2025 English cricket season

County Championship
- Champions: Nottinghamshire
- Runners-up: Surrey

One-Day Cup
- Champions: Worcestershire
- Runners-up: Hampshire

T20 Blast
- Champions: Somerset
- Runners-up: Hampshire

Women's One-Day Cup
- Champions: Lancashire
- Runners-up: Hampshire

Women's T20 Blast
- Champions: Surrey
- Runners-up: Bears

Women's T20 County Cup
- Champions: Lancashire
- Runners-up: Surrey

The Hundred
- Champions: Northern Superchargers (women's) Oval Invincibles (men's)
- Runners-up: Southern Brave (women's) Trent Rockets (men's)

Wisden Cricketers of the Year
- Gus Atkinson, Liam Dawson, Sophie Ecclestone, Jamie Smith & Daniel Worrall

= 2025 English cricket season =

The 2025 English cricket season commenced on 4 April and finished on 27 September 2025.

It was the 125th season in which the County Championship has been an official competition and featured First-Class, List-A, and Twenty20 cricket competitions throughout England and Wales.

Following a restructure of domestic women's cricket, this was the inaugural season of competition in which counties were divided into Tiers.

For both men and women, the fifth edition of The Hundred was played from 5 – 31 August 2025.

==International tours==
===Zimbabwe men's tour===

In May, Zimbabwe played England in a one-off Test match at Trent Bridge.

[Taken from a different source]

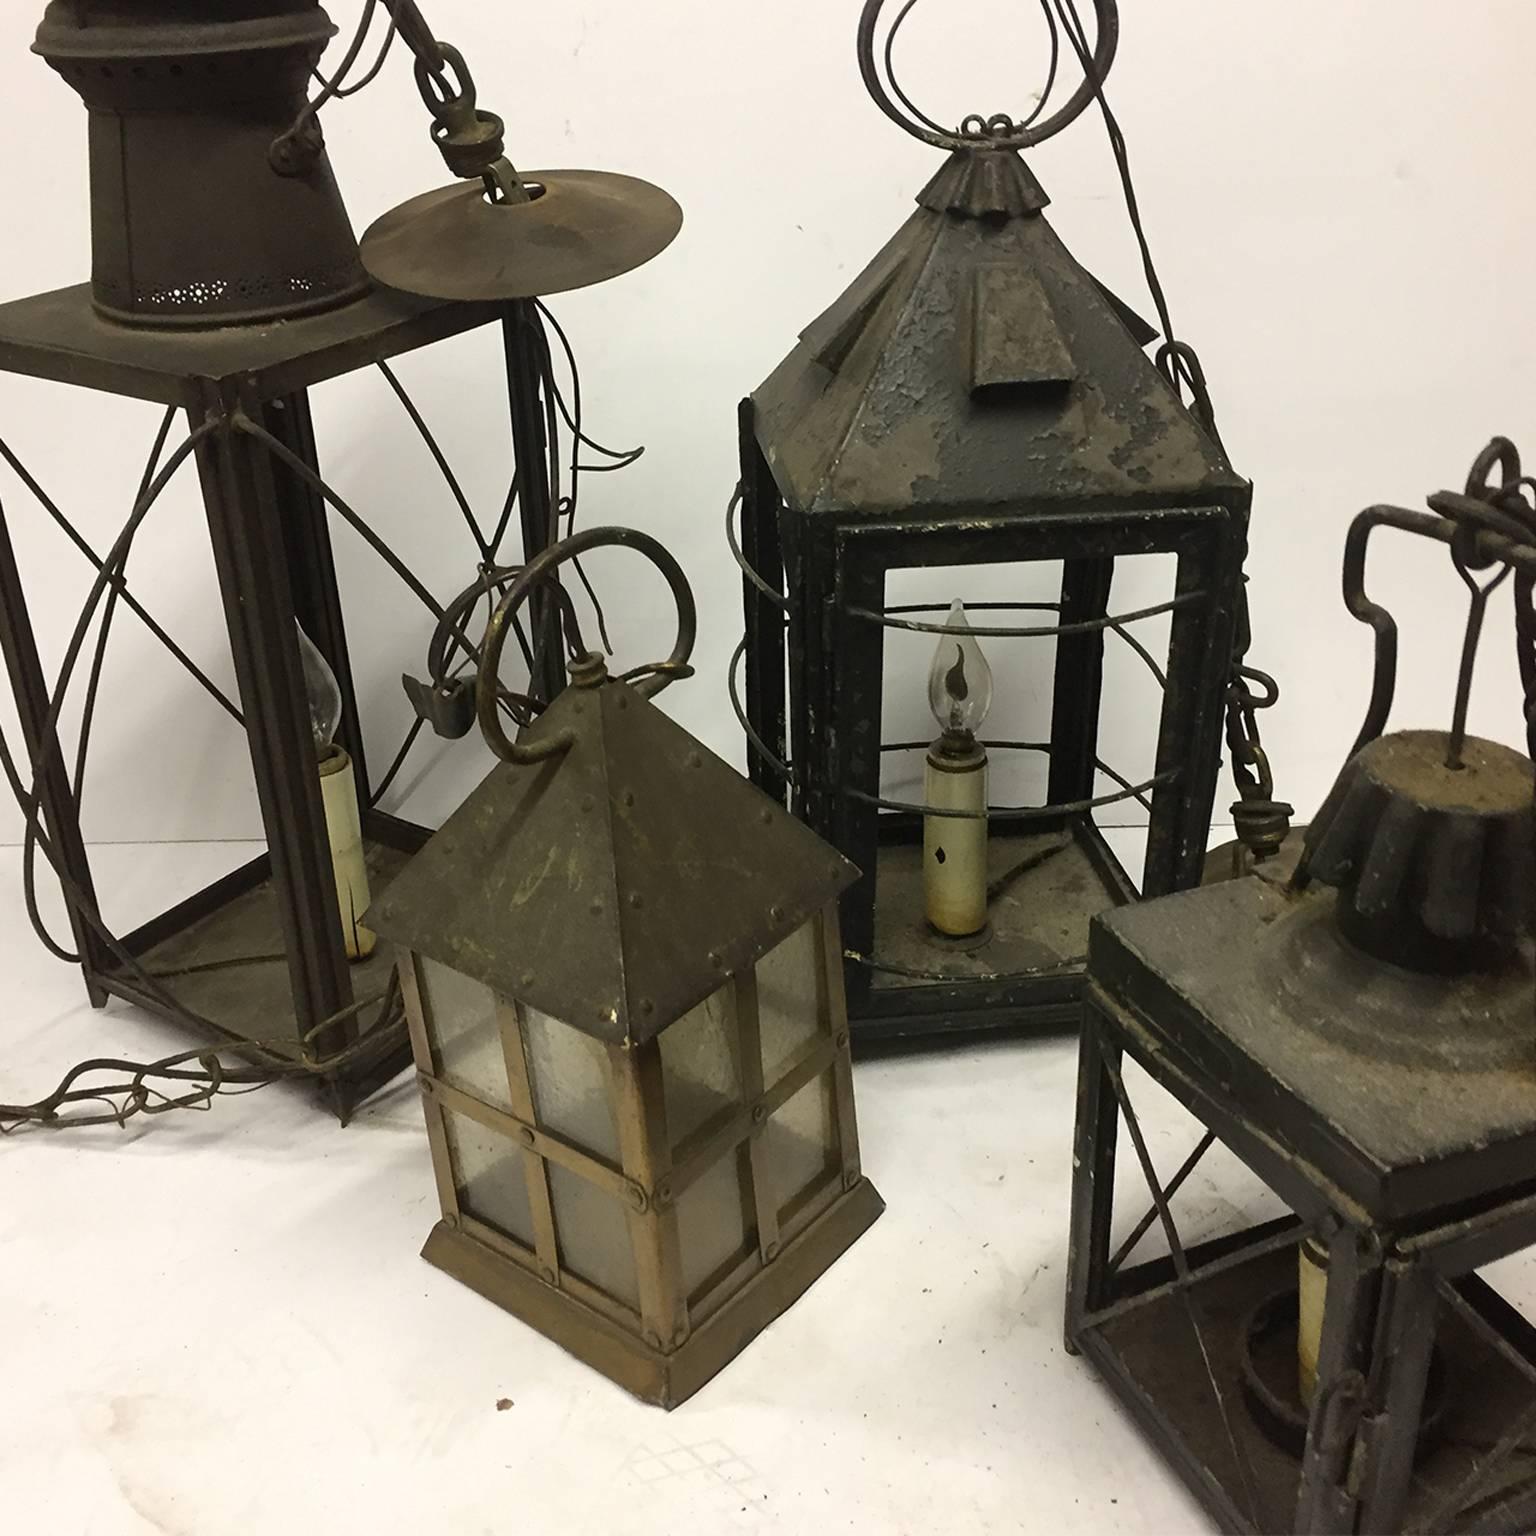 Vintage lanterns with candelabra base. Various sizes and styles, sure to add warmth and charm to a space.

Extra large lantern dimensions: 12

England won the match by an innings and 45 runs.

===West Indies men's tour===

In May and June, West Indies toured England to play three Twenty20 International (T20I) and three One Day International (ODI) matches. England completed a clean sweep to win both series 3–0.

===World Test Championship final===

In June, the final of the 2023–2025 World Test Championship took place at Lord's. South Africa beat Australia by five wickets to win a senior ICC tournament for the first time in 27 years.

===India men's tour===

From June to August, India toured England to play five Test matches which formed part of the 2025–2027 World Test Championship. The series was drawn 2–2 after India won the final Test by six runs. Indian captain Shubman Gill was the leading runscorer in the series with 754 runs and was chosen as India's player of the series, Harry Brook was England's player of the series.

===South Africa men's tour===

In September, South Africa toured England for three ODI and three T20I matches. South Africa won the ODI series 2–1 and the T20I series was drawn 1-1 with one match abandoned.

===West Indies women's tour===

The West Indies women's team toured England in May and June to play three Women's Twenty20 International (WT20I) and three Women's One Day International (WODI) matches. England completed a clean sweep to win both series 3–0.

===India women's tour===

The India women's team toured England in June and July to play five WT20I and three WODI matches. India won the WT20I series 3–2 and the WODI series 2–1.

==Domestic cricket==
===County Championship===

The County Championship began on 4 April and finished on 27 September with each team playing 14 fixtures. Nottinghamshire won the championship for the first time since 2010. Durham and Worcestershire were relegated from Division One, with Leicestershire and Glamorgan earning promotion from Division Two.

===One-Day Cup===

The One-Day Cup ran from 5 August to 20 September with the counties separated into two groups of nine. Worcestershire beat Hampshire by three wickets in a rain-affected final.

===T20 Blast===

The T20 Blast ran from 29 May until 13 September with the eighteen counties divided into two groups of nine - the North Group and the South Group. Somerset beat Hampshire by six wickets in the final.

===The Hundred===

The fifth season of The Hundred took place in August, with eight men's and eight women's teams competing. The Oval Invincibles won their third consecutive title in the men's competition and the Northern Superchargers won the women's tournament.

===Women's T20 Blast===

The Women's T20 Blast ran from 30 May to 27 July. The eight 'Tier 1' counties competed in a round-robin group and the 10 'Tier 2' counties were split into two groups, both competitions ended with a finals day. Surrey beat Bears in the Tier 1 final, Middlesex won the Tier 2 competition.

===Women's One-Day Cup===

The Women's One-Day Cup took place from 19 April until 21 September. The 'Tier 1' counties and 'Tier 2' counties competed in separate round-robin groups before knockout matches in September. Lancashire beat Hampshire to win the Tier 1 final, Yorkshire won the Tier 2 competition.

===Women's T20 County Cup===

The Women's Twenty20 Cup took place from 5 May to 26 May, with all 37 counties taking part in a knock-out competition. Lancashire beat Surrey in the final to claim the inaugural title.

===National Counties Cricket===

Buckinghamshire won the National Counties Championship, beating Devon by 19 runs in the final. The National Counties Trophy was won by Dorset who beat Shropshire in the final.